# Pixlr - Free Online Image Editor.



## rishitells (Jan 31, 2010)

*www.pixlr.com/editor/*www.pixlr.com/editor/

Fully featured online image editor, really useful.
Please don't mind if u knew about it already.


----------



## tarey_g (Feb 1, 2010)

One more that I sometime use : www.splashup.com


----------



## nimish23 (Mar 12, 2010)

there is another online photo editing website you might want to check out
*aviary.com/


----------



## nashpd (Mar 12, 2010)

Would you prefer a light offline image editor or would you go in for an online tool?


----------



## tarey_g (Mar 12, 2010)

Having a online tool is very convenient, i can access it from everywhere, for instance on my office PC i am not allowed to have photoshop, having something like 'Splashp' or 'Pixlr' allow me to access basic photoshop functionality, Neat.

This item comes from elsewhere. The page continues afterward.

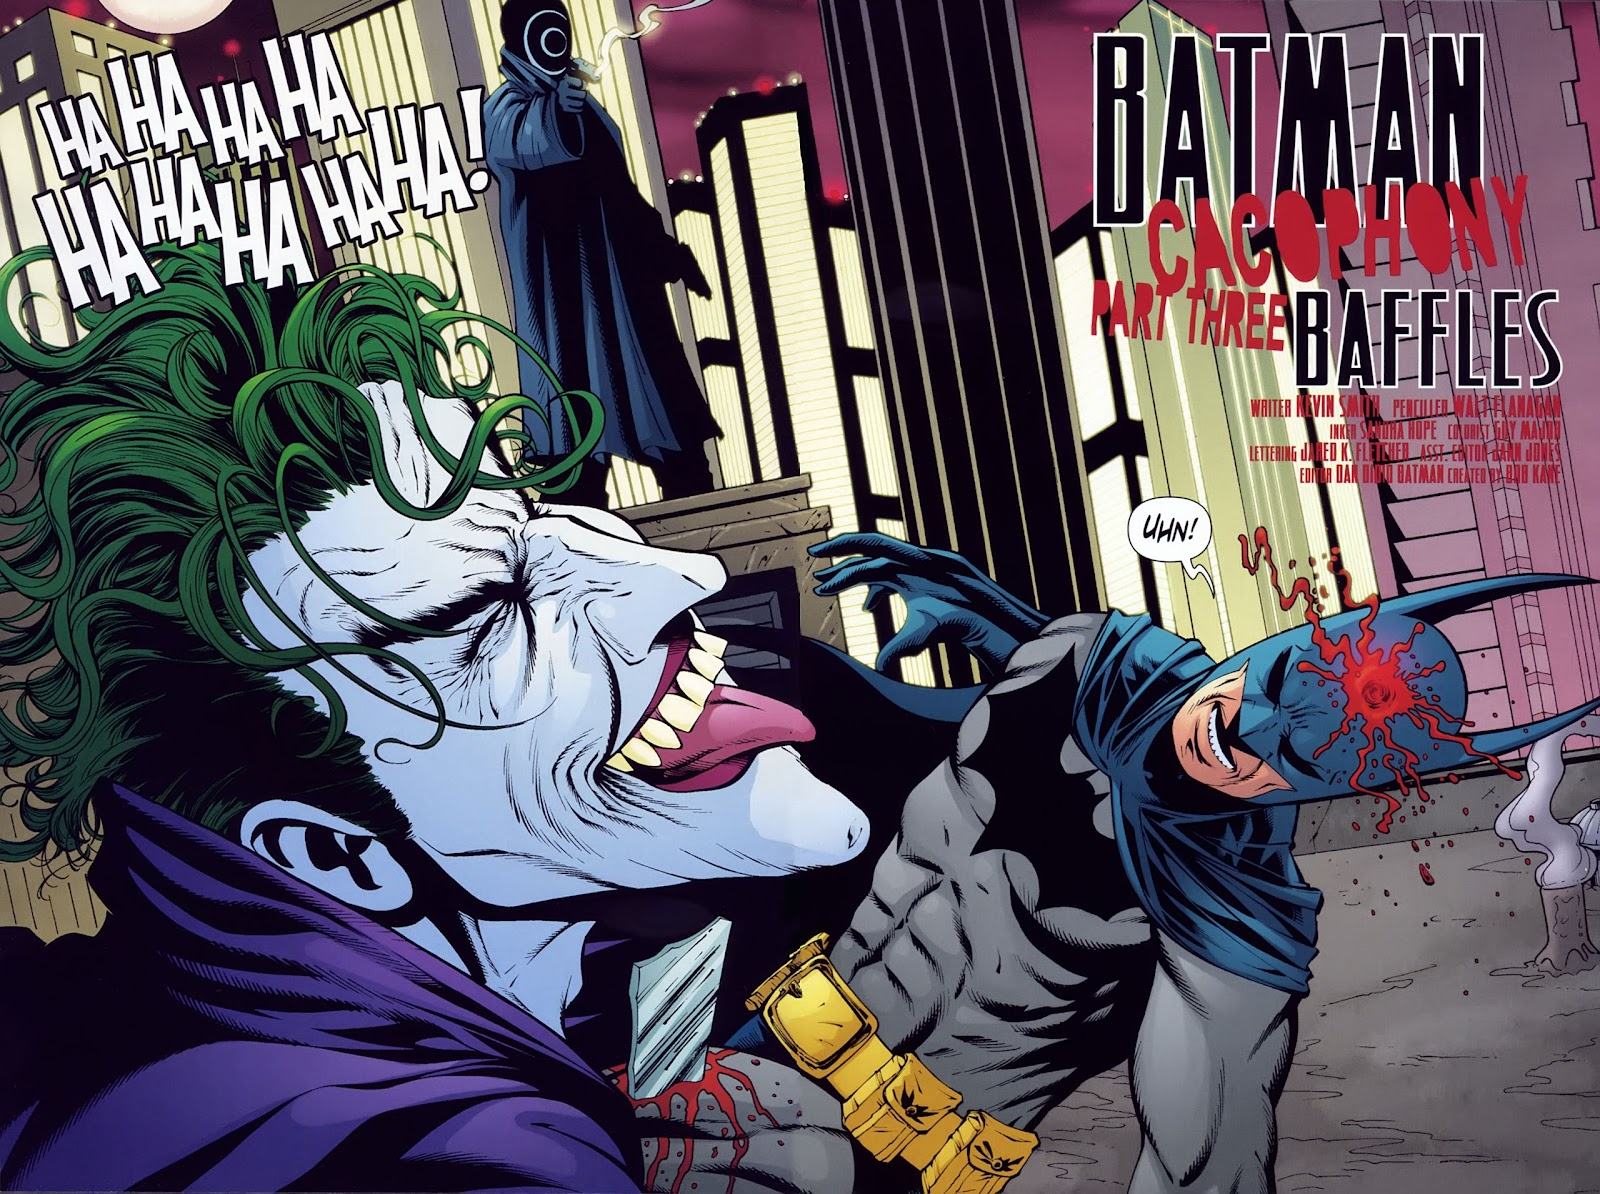 Cacophony Batman

btw,  Splashup was my favourite online tool for image editing, until I started using Pixlr, Pixlr is fast and has more functions.


----------



## Anorion (Mar 12, 2010)

I just love Pixlr, and is very convenient. Photoshop shortcuts work on it, which is great. Splashup plugs into other services well though. Just wish Pixlr had a login. Very elegent, and does not crash or lag too much. 

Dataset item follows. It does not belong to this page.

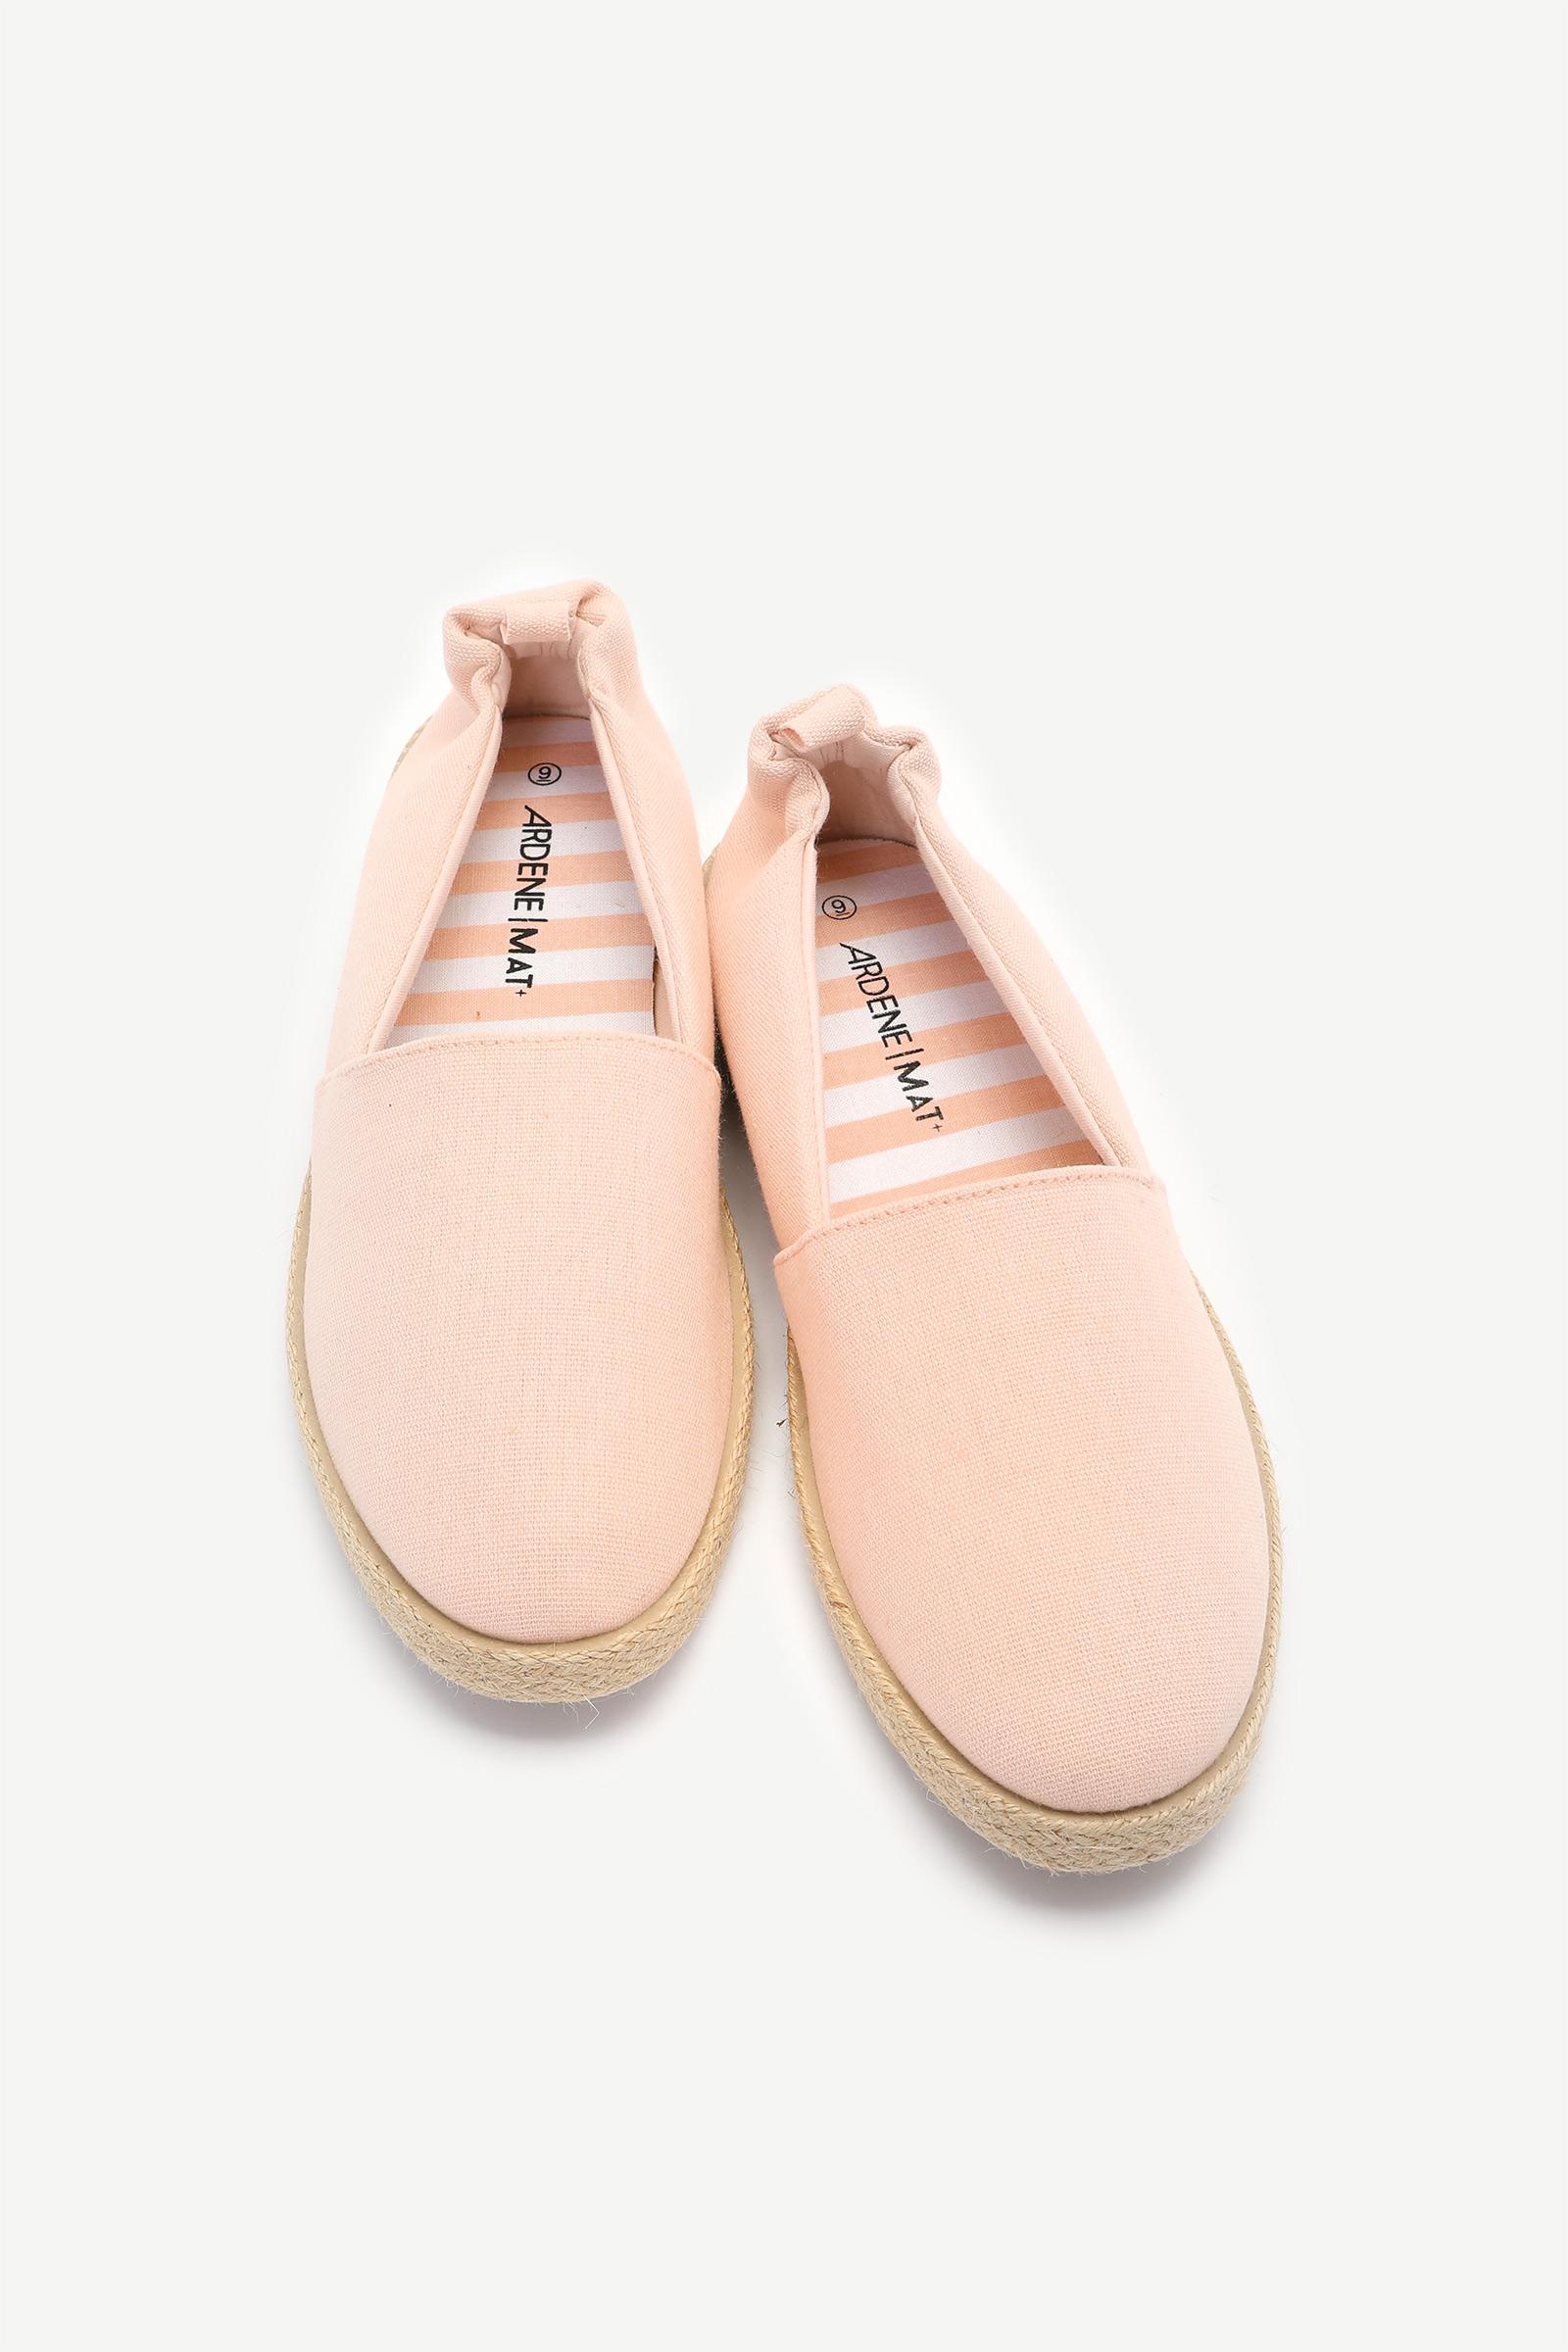 Jute Slip-On Shoes

Also, this article: *www.thinkdigit.com/Internet/A-comprehensive-comparison-of-online-image-editors_3341.html


----------



## Garbage (Mar 12, 2010)

Pixlr is nice. I used it today.


----------



## openSUSE (Mar 13, 2010)

Pixlr really nice application gets uploaded in less than 2seconds....it incorporates sleek and semi transparent color palettes...includes flexibility to perform adjustments.
....it provides an API for developers to include the application on different platforms......it also includes options for applying filters or visual effects to images.....


----------